901. Guard It with Your Life

Museums are my own personal therapy.  As soon as I look at a painting up close, any tension I had disappears.  My mind swims with the colors and the brushstrokes, I get lost in the art. 

How can you not love this painting? 
 
Or this one? 



The talent of the artists shines.  You can see the years of training and hard work and study and perseverance.     
However, there is some art I just don’t understand.  It is what I call "Lazy Art."  Art that really serves no purpose, art that can be done by a preschooler. 
Now, I know there are critics who pan the work of Jackson Pollack, because they see it as merely drips of paint on canvas. 
 
I beg to differ. 

I feel the movement of the piece, the energy.  I respect the idea and the abstract nature of the piece.   

Here is what I don’t get: 
 
It is a set of three doorknobs. 

That you could buy at Home Depot and then paint and glue onto this board. 

For about $12. 

Not only that, but someone has to guard it. 
 
 
Seriously?  They pay a guard to watch over that? 

Guess what else was in the same room: 
 
To me, it looks like a big clump of leftover plaster that would be found in the trash.  Yet it is worth 50 million gazillion dollars.  Better retrieve that crumpled up aluminum foil I threw away last night-- might be worth something!   

I wonder if this guard is very happy. 
 
 


A whole museum of things like this …




… and yet he gets to stand by the stripes of colors that remind me of paint sample swatches.  Poor guy.  Makes you wonder what he did to piss of the museum admin people. 
“Harold was late to work three times last month, give him Room 9-B to guard today.” 

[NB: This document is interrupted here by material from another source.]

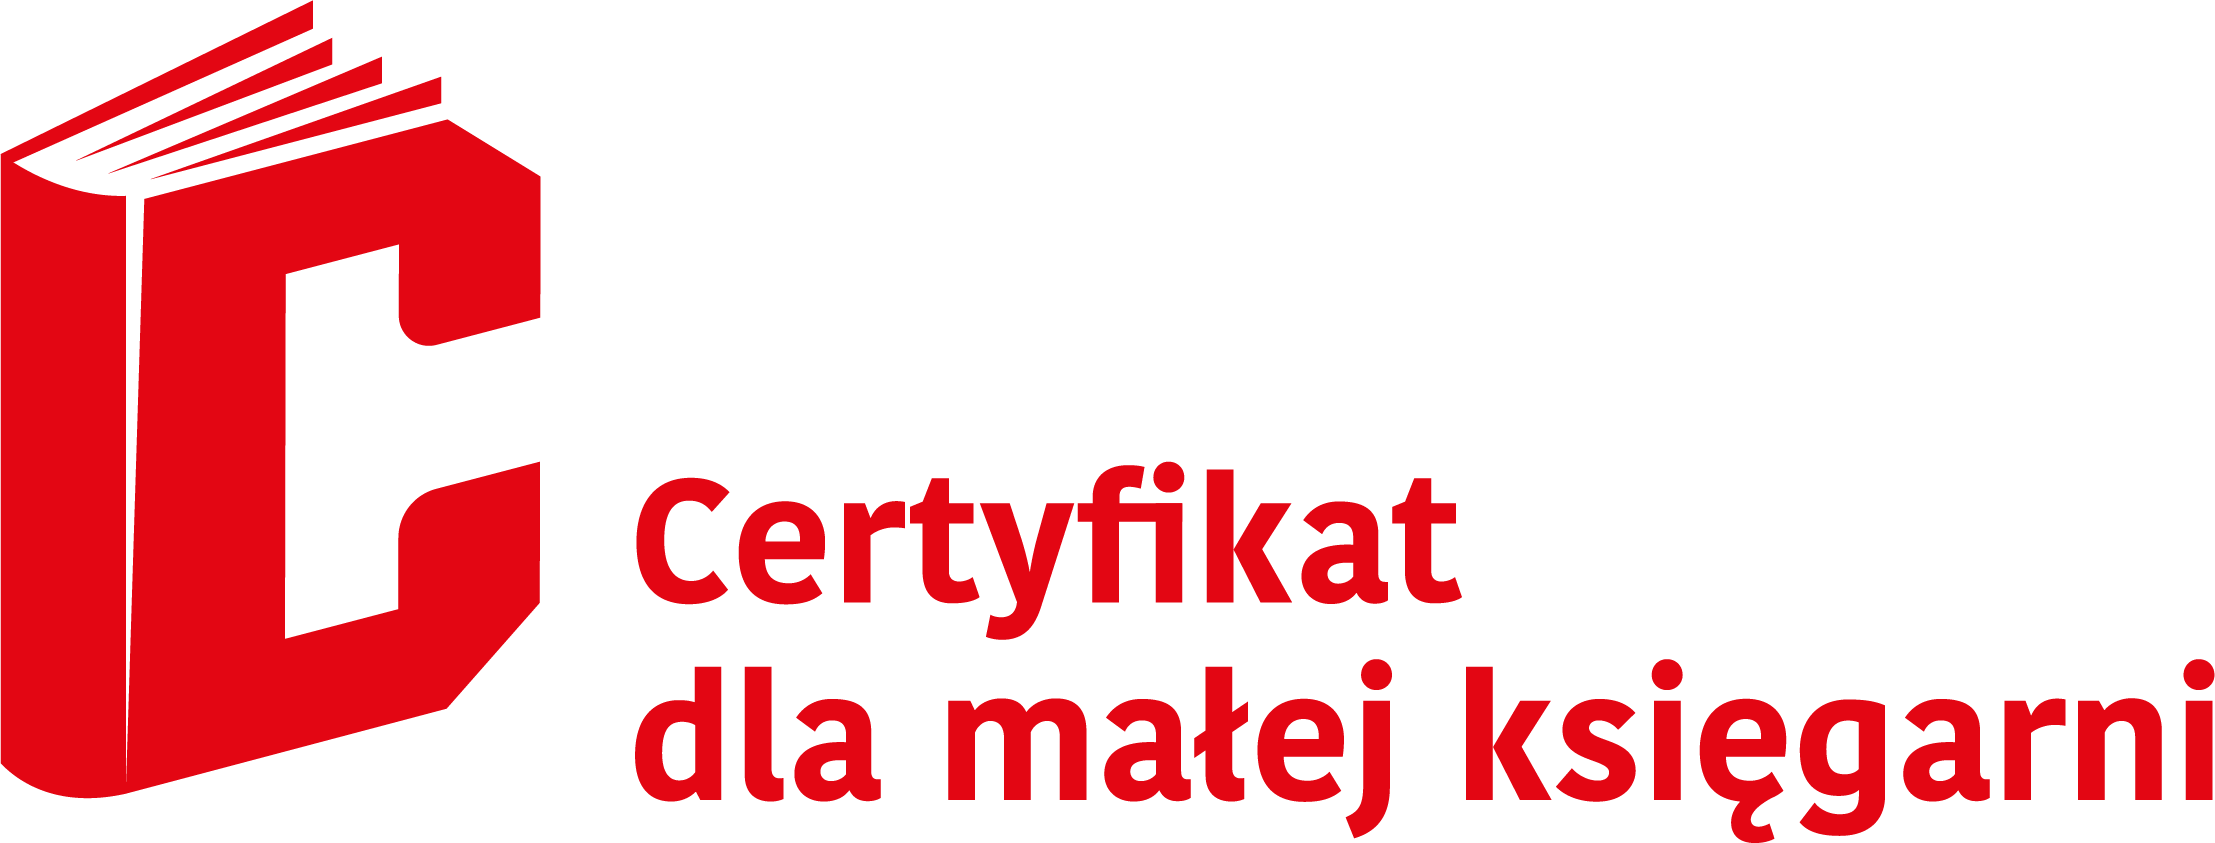 Księgarnia FiKa jest beneficjentką programu własnego Instytutu Książki „Certyfikat dla małych księgarń” na lata 2022–2023

“Are you sure?  Ellen was a no-show yesterday, I think she deserves it more.” 
“Good point.  And Mike got a great compliment from a customer the other day, so he can guard the Van Goghs.” 

“Done.” 
 
MOV
** Disclaimer:  Signs in the museum said photography is allowed as long as the pictures are not for commercial use.  My blog is pure content with zero advertising and does not produce revenue, so I believe this meets their criteria. 

Sunday, February 3, 2013

899. The Curse of Inconvenient Things

I am not a mean person.  If people cross me, I am not the type to wish that their car would be stolen or that their house would burn down or that they would lose their job. 

But I am still human. 
I merely wish that the Curse of Inconvenient Things would fall upon their heads.  Nothing horrible, just inconvenient.  Miss the green light and be forced to wait at the intersection a whole three extra minutes.  Be in the shower when that important phone call comes in and then forget to check voicemail.  Run out of creamer and not realize it until after brewing fresh coffee.  That sort of thing.

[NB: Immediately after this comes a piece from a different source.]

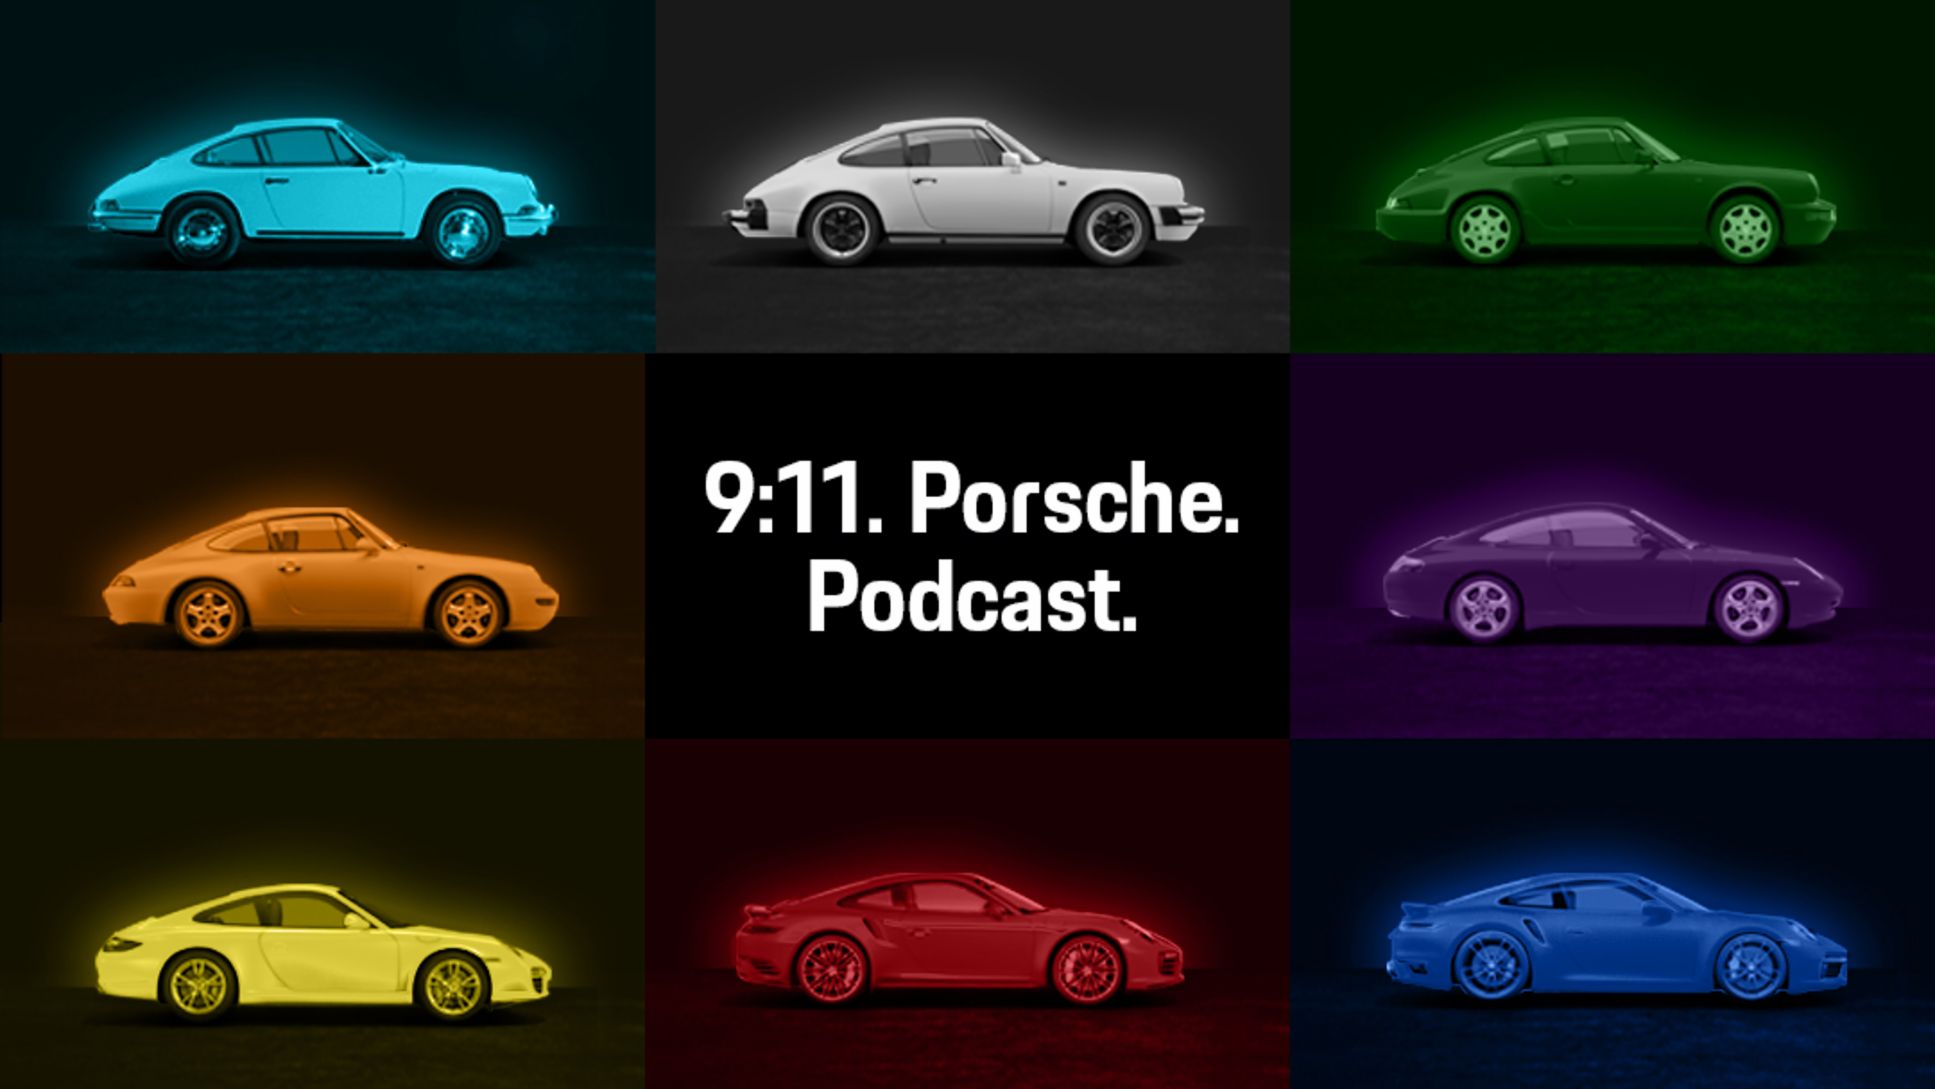 9:11. Porsche. Podcast. Folge 1, 2020, Porsche AG

Remember in Sleeping Beauty when the evil witch places a curse on Sleeping Beauty that on her 16th birthday she would prick her finger on a needle and die?  And then the good witch “softens” the curse by making it be so that she would not die but instead just fall asleep for 100 years? 
Okay, maybe that is a bad analogy because falling asleep for 100 years is not really that great either. 

I digress. 
The point is, our kids can learn from us.  Instead of having a fight with someone and screaming out, “I wish you were dead!”, why not say, “I hope you get a ‘C’ on your test and your Mom is late to pick you up!” 

Oops, I gotta run.  I am waiting for an important call and I think I forgot to charge my phone battery.